Katerine Moreno

Personal information
- Full name: Katerine Moreno Mayser
- Born: 4 May 1974 (age 52) Santa Cruz de la Sierra, Bolivia
- Height: 1.82 m (5 ft 11+1⁄2 in)
- Weight: 71 kg (157 lb)

Sport
- Sport: Swimming
- Club: SAMIX, Santa Cruz

= Katerine Moreno =

Bolivian swimmer (born 1974)

Katerine Moreno Mayser (born 4 May 1974 in Santa Cruz de la Sierra) is a retired swimmer from Bolivia. She is recognized for being the Bolivian athlete with the most participations in the Summer Olympics, having competed in four editions: Seoul 1988, Sydney 2000, Athens 2004, and Beijing 2008.

==Career==
Moreno began swimming at the age of 9 in her school team at Santa Ana, and at 11 she competed in her first national championship in La Paz.

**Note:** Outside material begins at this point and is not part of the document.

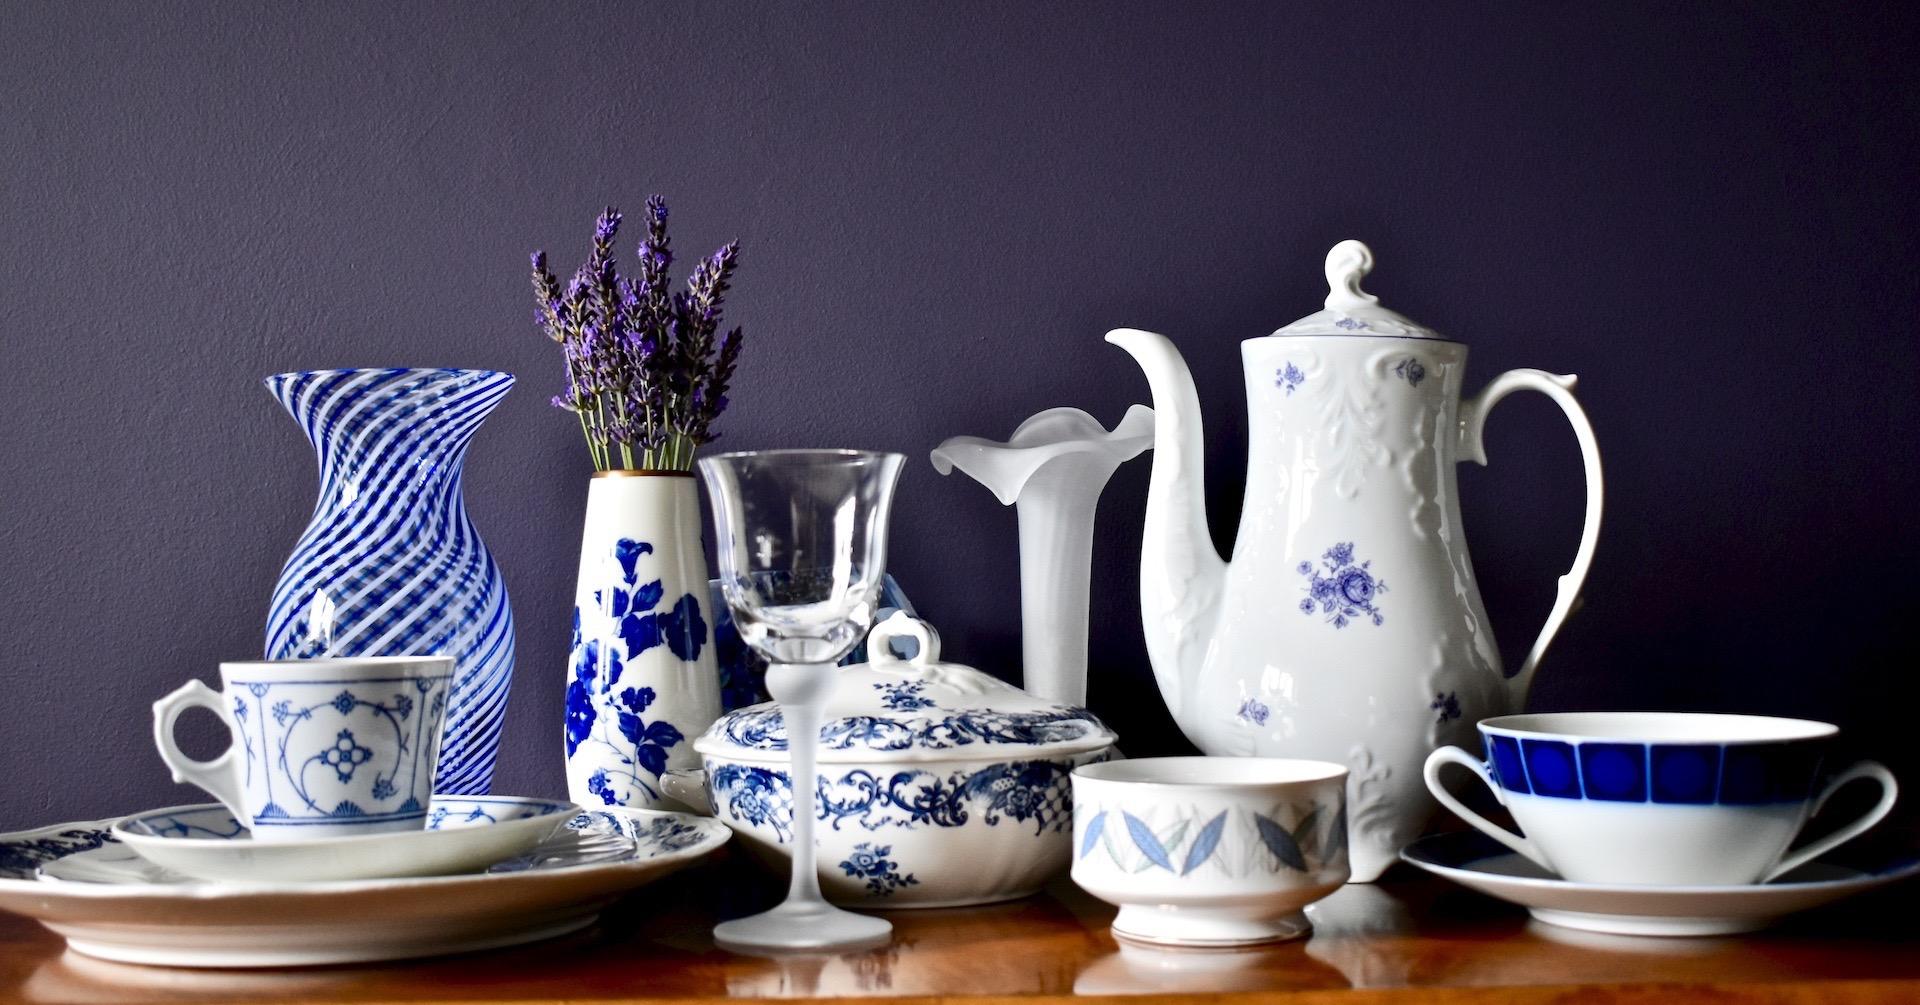 Najpiękniejsza porcelana i naczynia oraz dodatki vintage
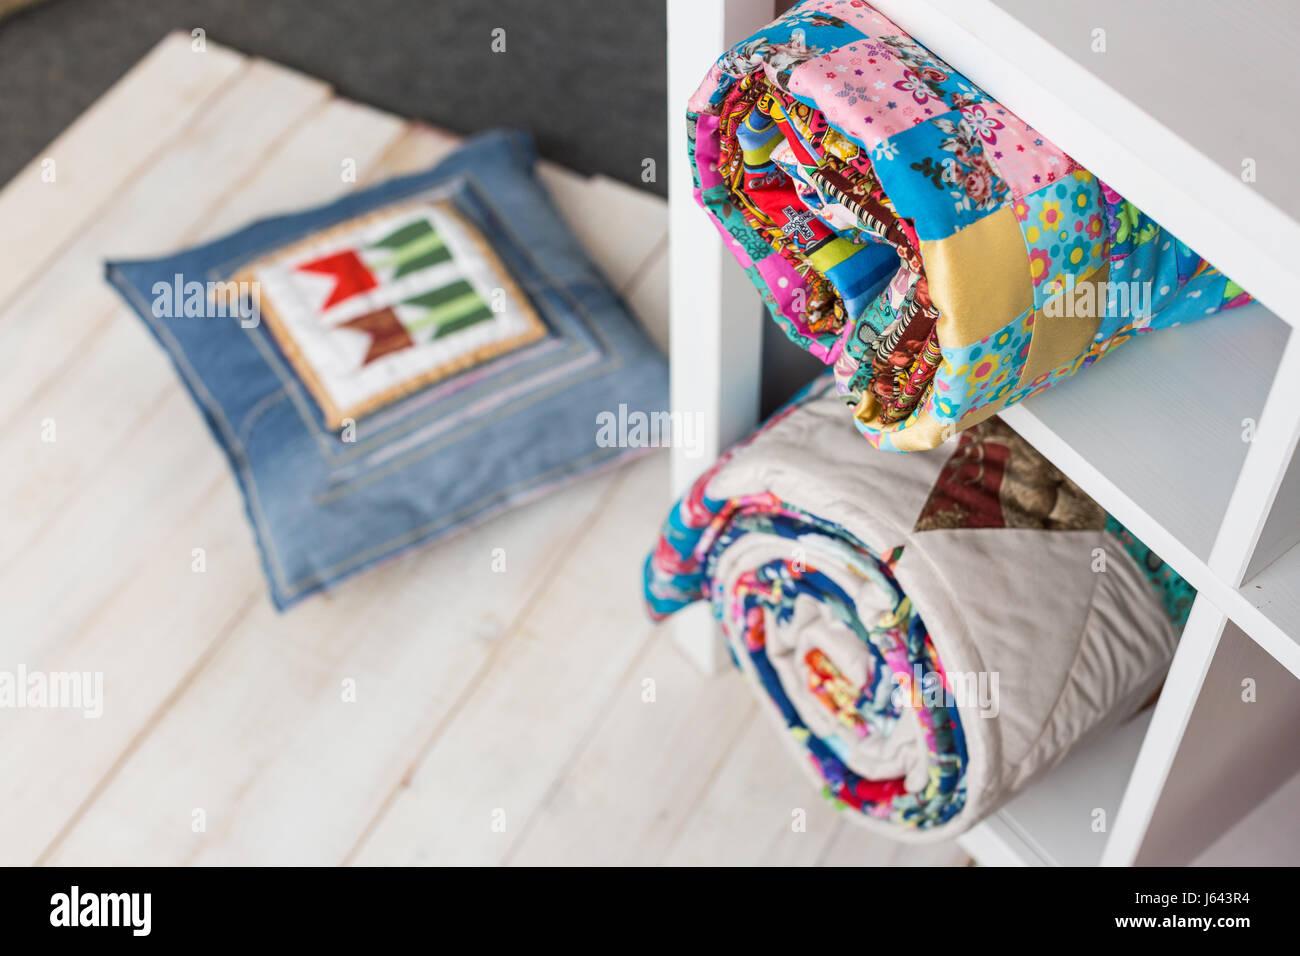 Bett Decken Konzept : Patchwork nähen und modekonzept zwei bunte gesteppte bettdecken

In the 1988 Seoul Olympics, with 14 years, she was the only woman in the Bolivian delegation and also the country's flag bearer. She competed in four events: 50 m freestyle, 100 m freestyle, 100 m backstroke, and 100 m breaststroke, improving her marks and breaking eight national records in junior and senior categories.

In subsequent Olympic editions, Moreno specialized in the 100 m breaststroke (Sydney 2000 and Athens 2004) and 50 m freestyle (Beijing 2008).

==Personal life==
Moreno is married to José Quintanilla, a swimming coach, with whom she founded the Escuela de Natación Samix in 1998. They are parents of four children: José Alberto (27), Katerine (25), José Adrián (14), and María Jesús (11).

Her son José Alberto, who qualified for the 50 m freestyle at the 2016 Rio Olympics, becoming the first Bolivian male swimmer to compete with a qualifying time.